Reading Nathan Yau's recent post about the Rise of the Data Scientist inspired me to take a look Ben Fry's dissertation on Computational Information Design in which he describes the process for understanding data as follows:
- acquire – the matter of obtaining the data, whether from a file on a disk or from a source over a network.
- parse – providing some structure around what the data means, ordering it into categories.
- filter – removing all but the data of interest.
- mine – the application of methods from statistics or data mining, as a way to discern patterns or place the data in mathematical context.
- represent – determination of a simple representation, whether the data takes one of many shapes such as a bar graph, list, or tree.

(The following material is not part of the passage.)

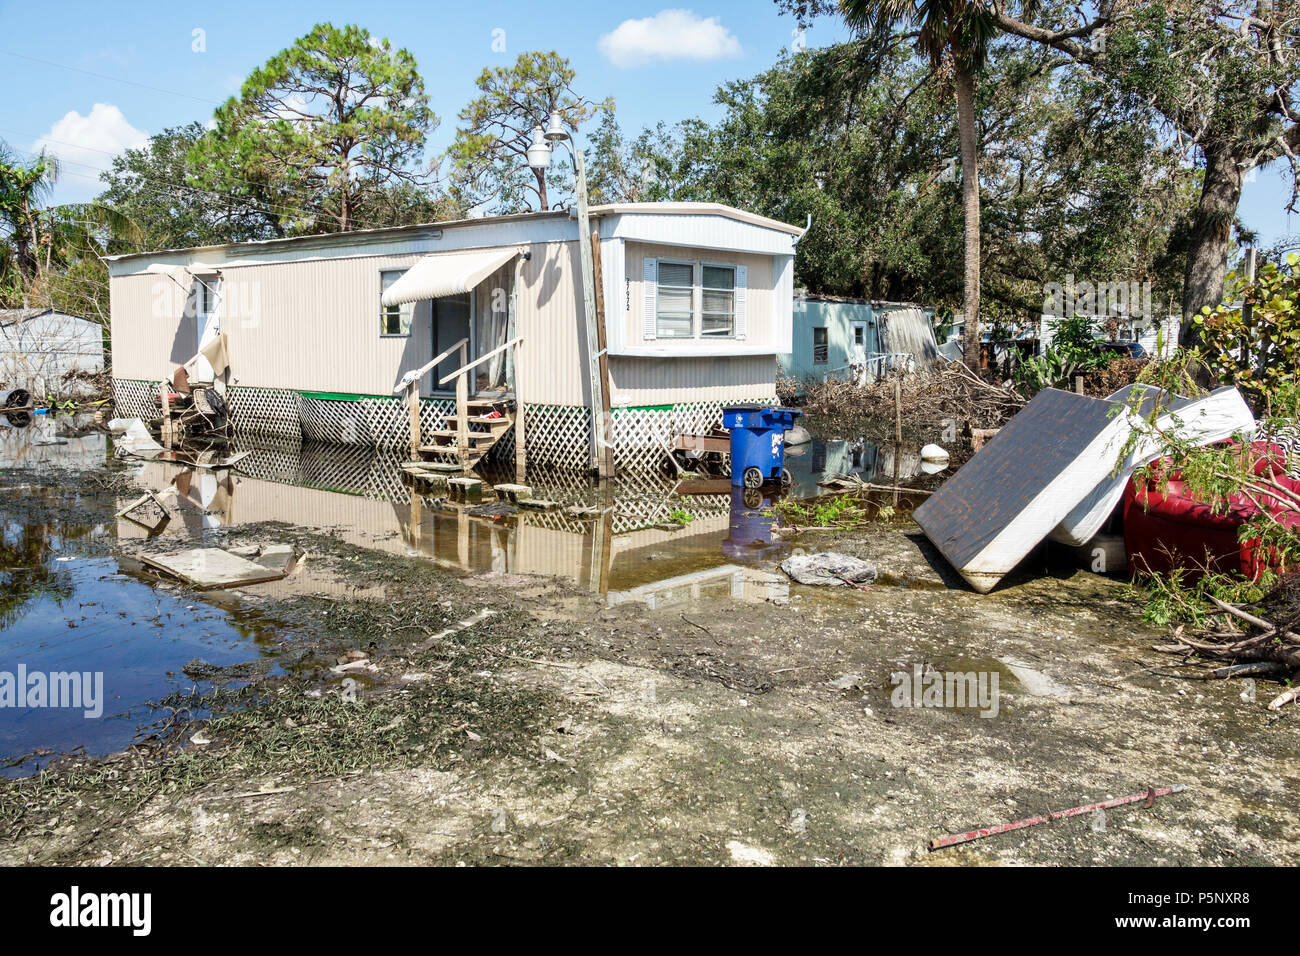 Florida, Bonita Springs, nach dem Hurrikan Irma Sturm Regen Schäden Zerstörung Nachwirkungen, Überschwemmungen, Mobilpark Wohnwagen nach Hause, Trümmer, Müll, stagnierendes Wasser, FL17 Stockfoto

- refine – improvements to the basic representation to make it clearer and more visually engaging.
- interact – the addition of methods for manipulating the data or controlling what features are visible.
I took his process and created a diagram that maps my own skill set with the addition of Interaction Design (my current profession) which I believe covers the represent, refine, and interact steps.
While I don't disagree that these steps represent the process for understanding data for the individual creating the data visualization, they don't cover a step needed to create a design that is readily understood or that is persuasive to others.
User research and testing of the design is needed to verify that the representation is clear and appropriate. Although this could be considered part of the refine step, it may be needed at other points in the process (i.e. represent, or interact). For anyone who is interested in creating data visualizations for other people, it should be considered an important part of the design process.